What you return should be the complete listing, unchanged, with no pictures in it.

Collected data
--------------------------------------------------

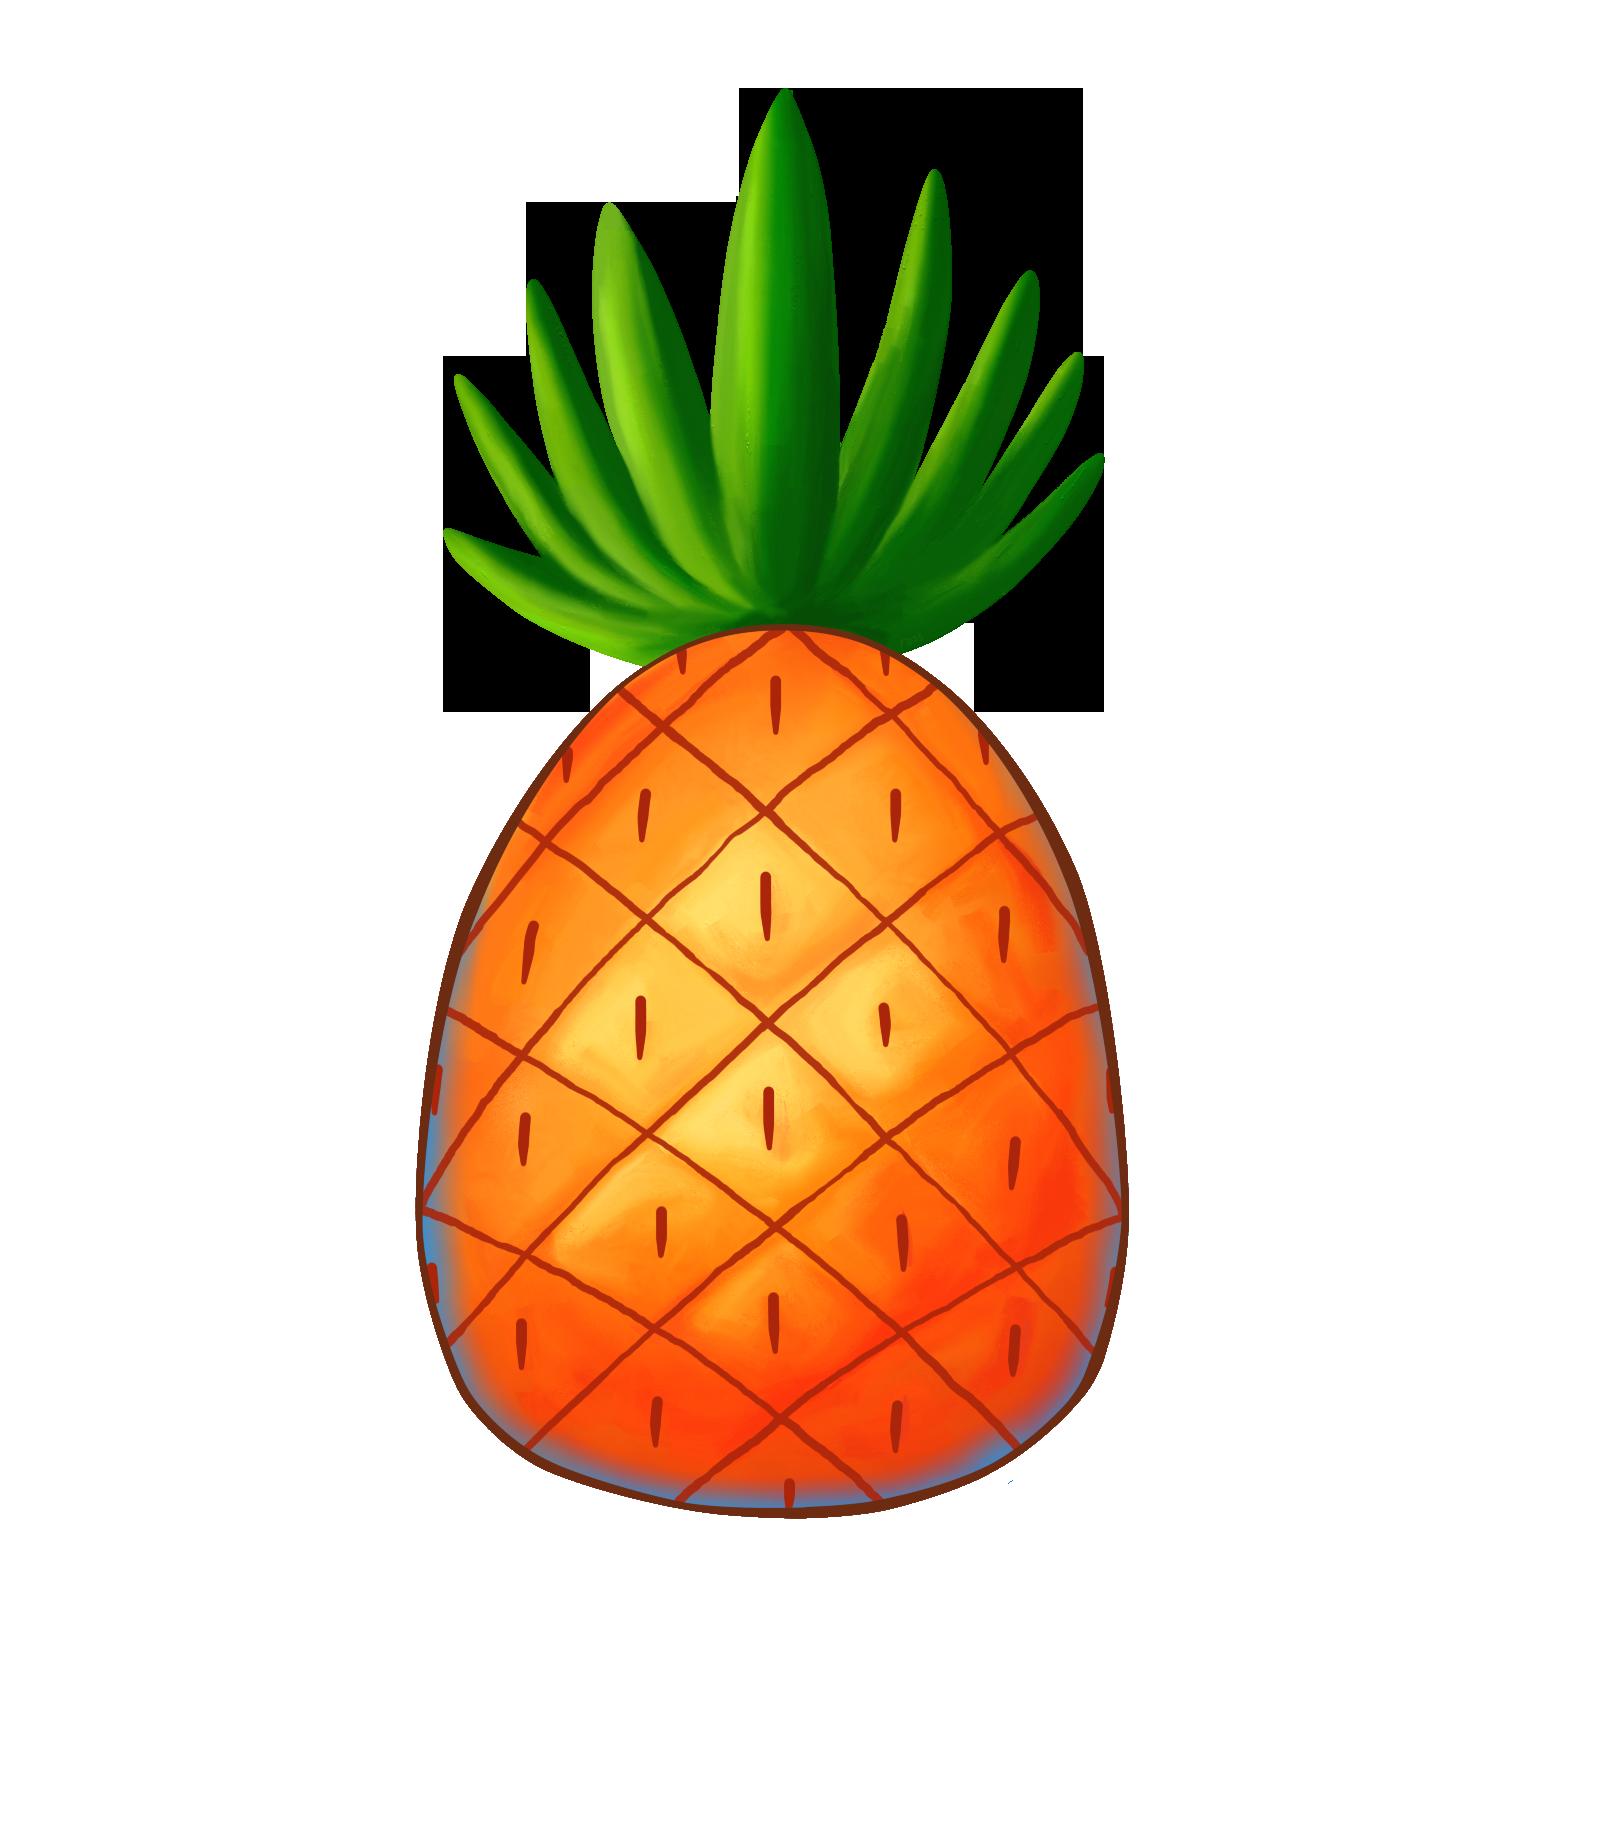 Clipart pineapple sticker, Clipart pineapple sticker.
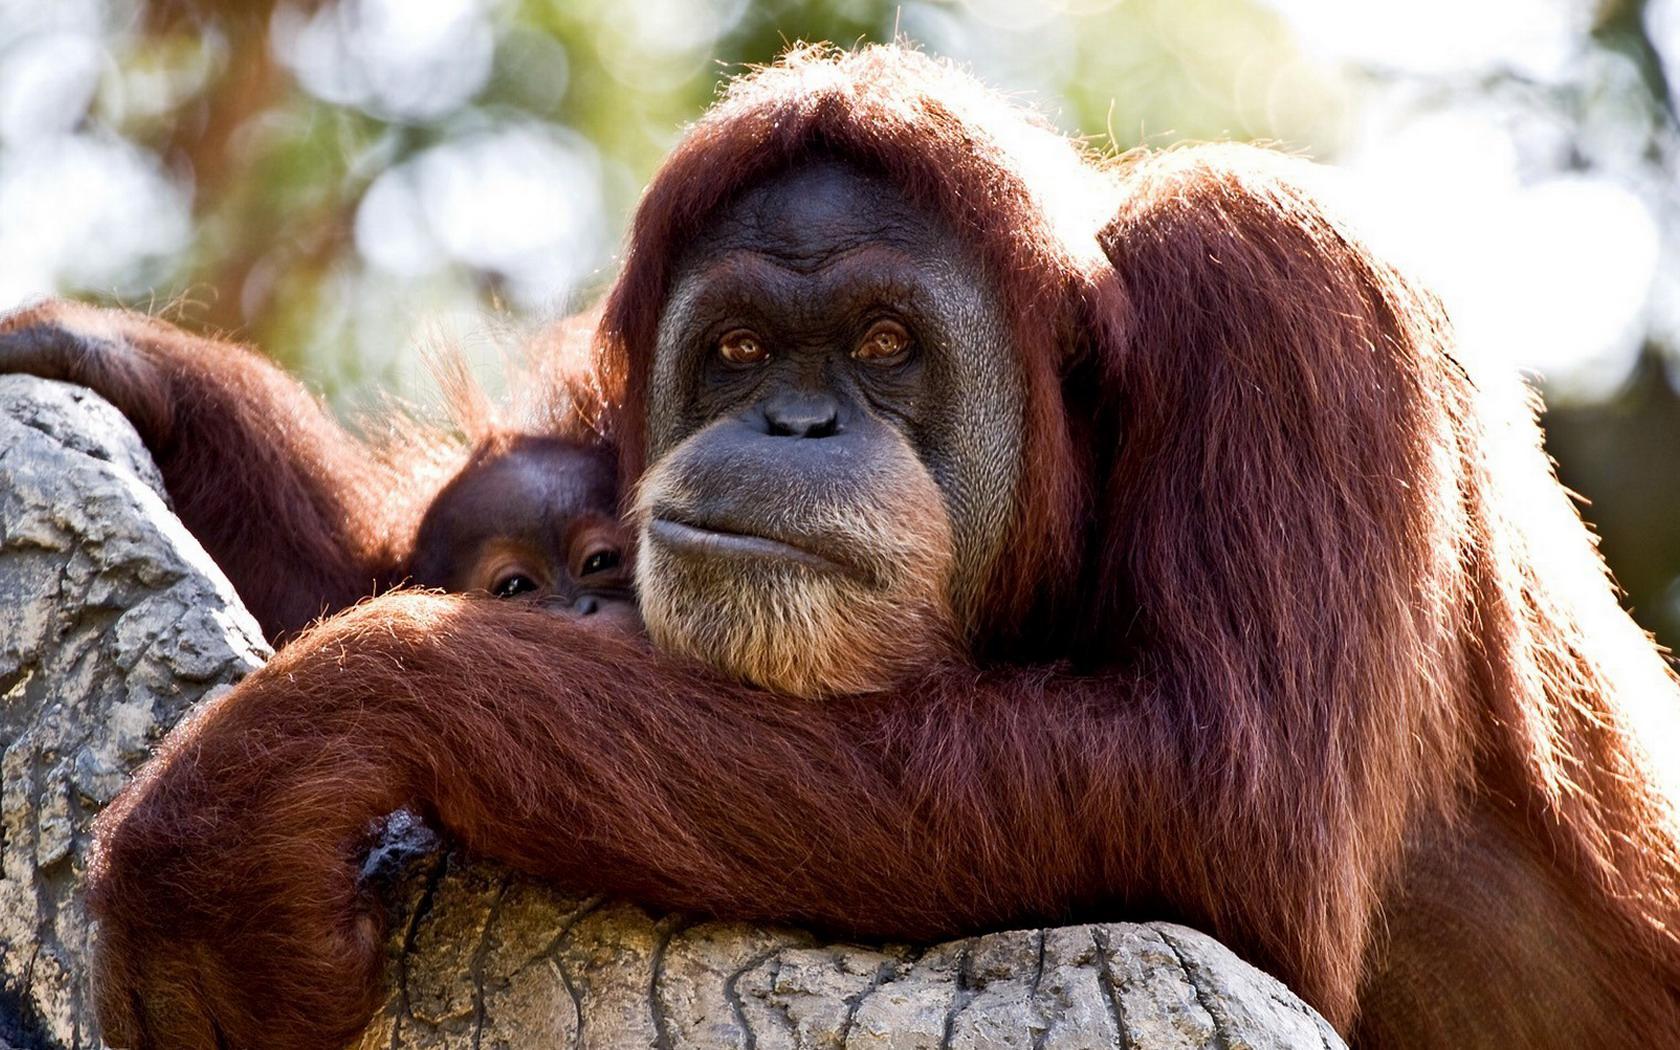 Orangutan Wallpaper And Background Image 1680x1050 Id356085
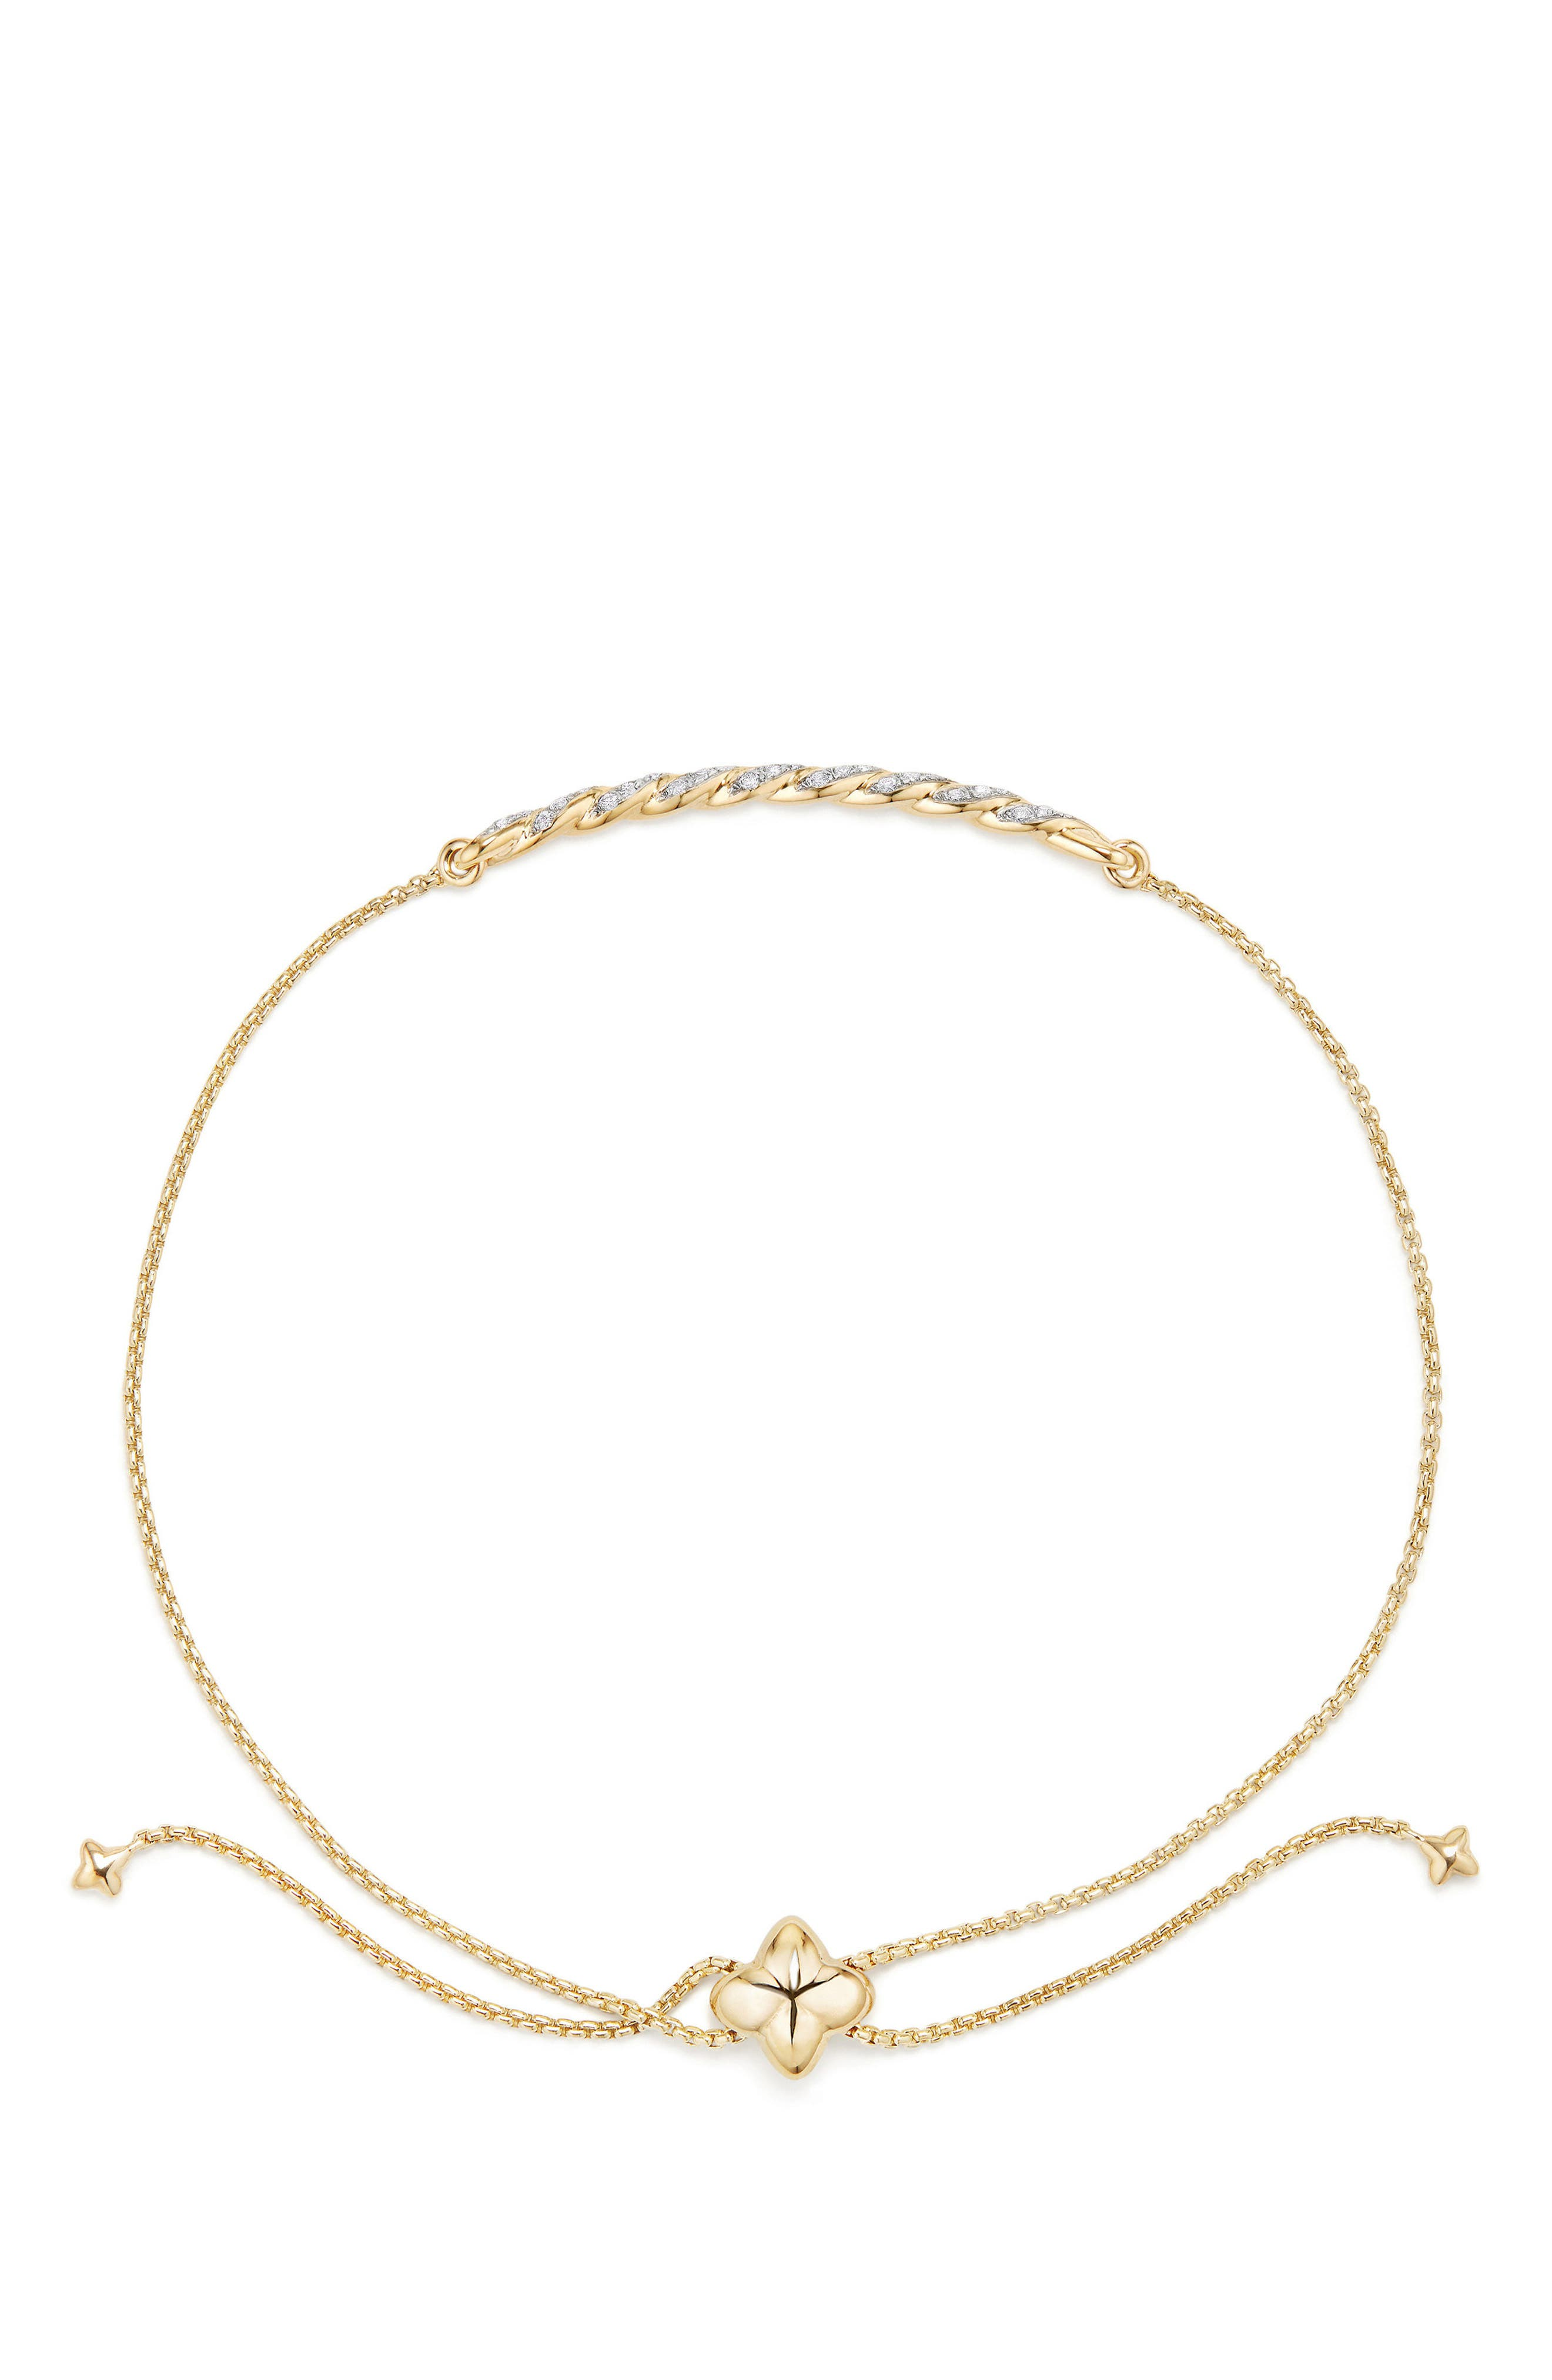 Paveflex Station Bracelet with Diamonds in 18K Gold,                             Alternate thumbnail 2, color,                             Yellow Gold/ Diamond
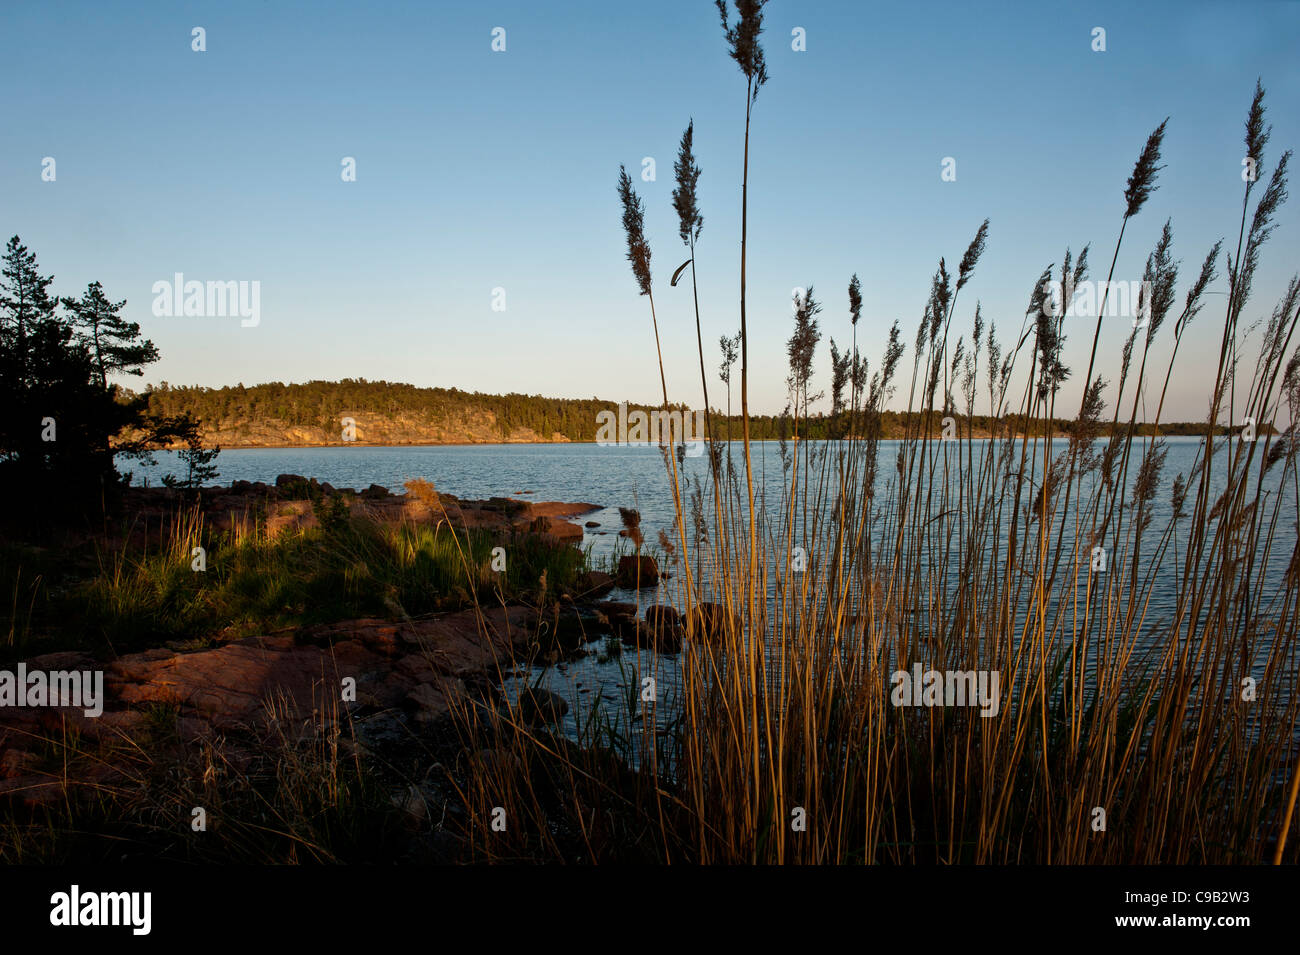 Finnish lake Aland Island Finland - Stock Image

--------------------------------------------------

Answer to this task
 Clipart pineapple sticker, Clipart pineapple sticker.
 Orangutan Wallpaper And Background Image 1680x1050 Id356085
 Paveflex Station Bracelet with Diamonds in 18K Gold,                             Alternate thumbnail 2, color,                             Yellow Gold/ Diamond
 Finnish lake Aland Island Finland - Stock Image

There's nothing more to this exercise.